Rather than fade into ignominy as a lesser Ralph Nader, Jill Stein has managed to twist the knife in the still-bleeding Left, fleecing a couple of million from some disoriented voters for a recount of the election in Wisconsin, Michigan, and Pennsylvania. While a recount seems like a less likely path to victory for Clinton than, say, a revolt of the Electoral College, or the Donald pulling an Andy Kaufman, perhaps it should be undertaken if there is any evidence of fraud. Recall that prior to the election (and since!) we were warned of the possibility of 'massive voter fraud'. I am not familiar with the legal argument for a recount, but was curious if there is a statistical argument for one. I pursue a simple analysis here.

The arguments that I have heard for a recount (other than the danger to our republic from giving power to mentally unstable blowhard, but I will try to keep my political bias out of here) sounded pretty weak, as they could easily be explained away by an omitted variable. For example, arguments of the form "Trump outperformed Clinton in counties with electronic voting machines," even if couched in a 'proper' statistical test, are likely to be assuming independence of those events, when they need not be independent for numerous reasons.
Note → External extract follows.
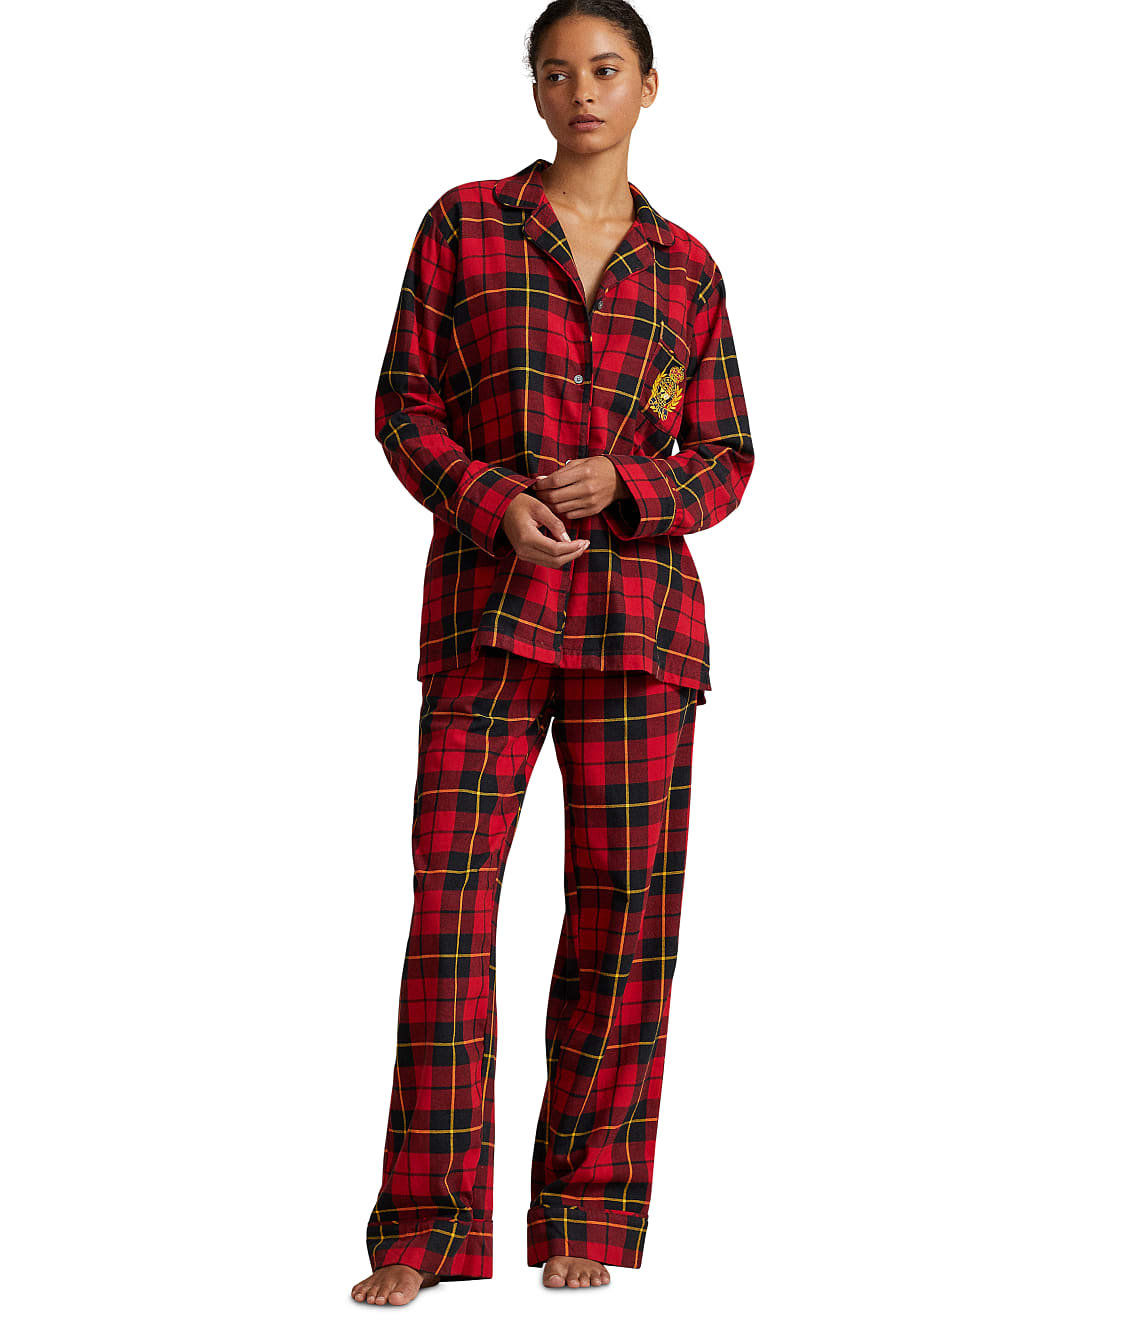 The Madison Brushed Cotton Pajama Set

Instead, I will fall back here to a weaker analysis, based on Benford's Law. Benford's Law, which is more of a stylized fact, states that the leading digit of naturally occurring collections of numbers should follow a certain distribution. Apparently this method was used to detect suspicious patterns in the 2009 Iranian elections, so you would expect only an amateur ballot-stuffer would expose themselves to this kind of diagnostic.

First I grab the ward by ward Wisconsin voter data. This set is marked 'Under Recount', so I am sure it is the best data. I load the excel (!) spreadsheet, and rename some columns. After some mumbo jumbo to define the digit functions and the expected distribution for the same, I make plots of the leading digit, base 10, of the count of Clinton votes, Trump votes, and total votes, across the wards, along with the 'expected' distribution of the same under Benford's Law. Because Benford's Law is applicable under alternative numerical representations (there is nothing special about 10), I also plot the same using a base 16 representation, below.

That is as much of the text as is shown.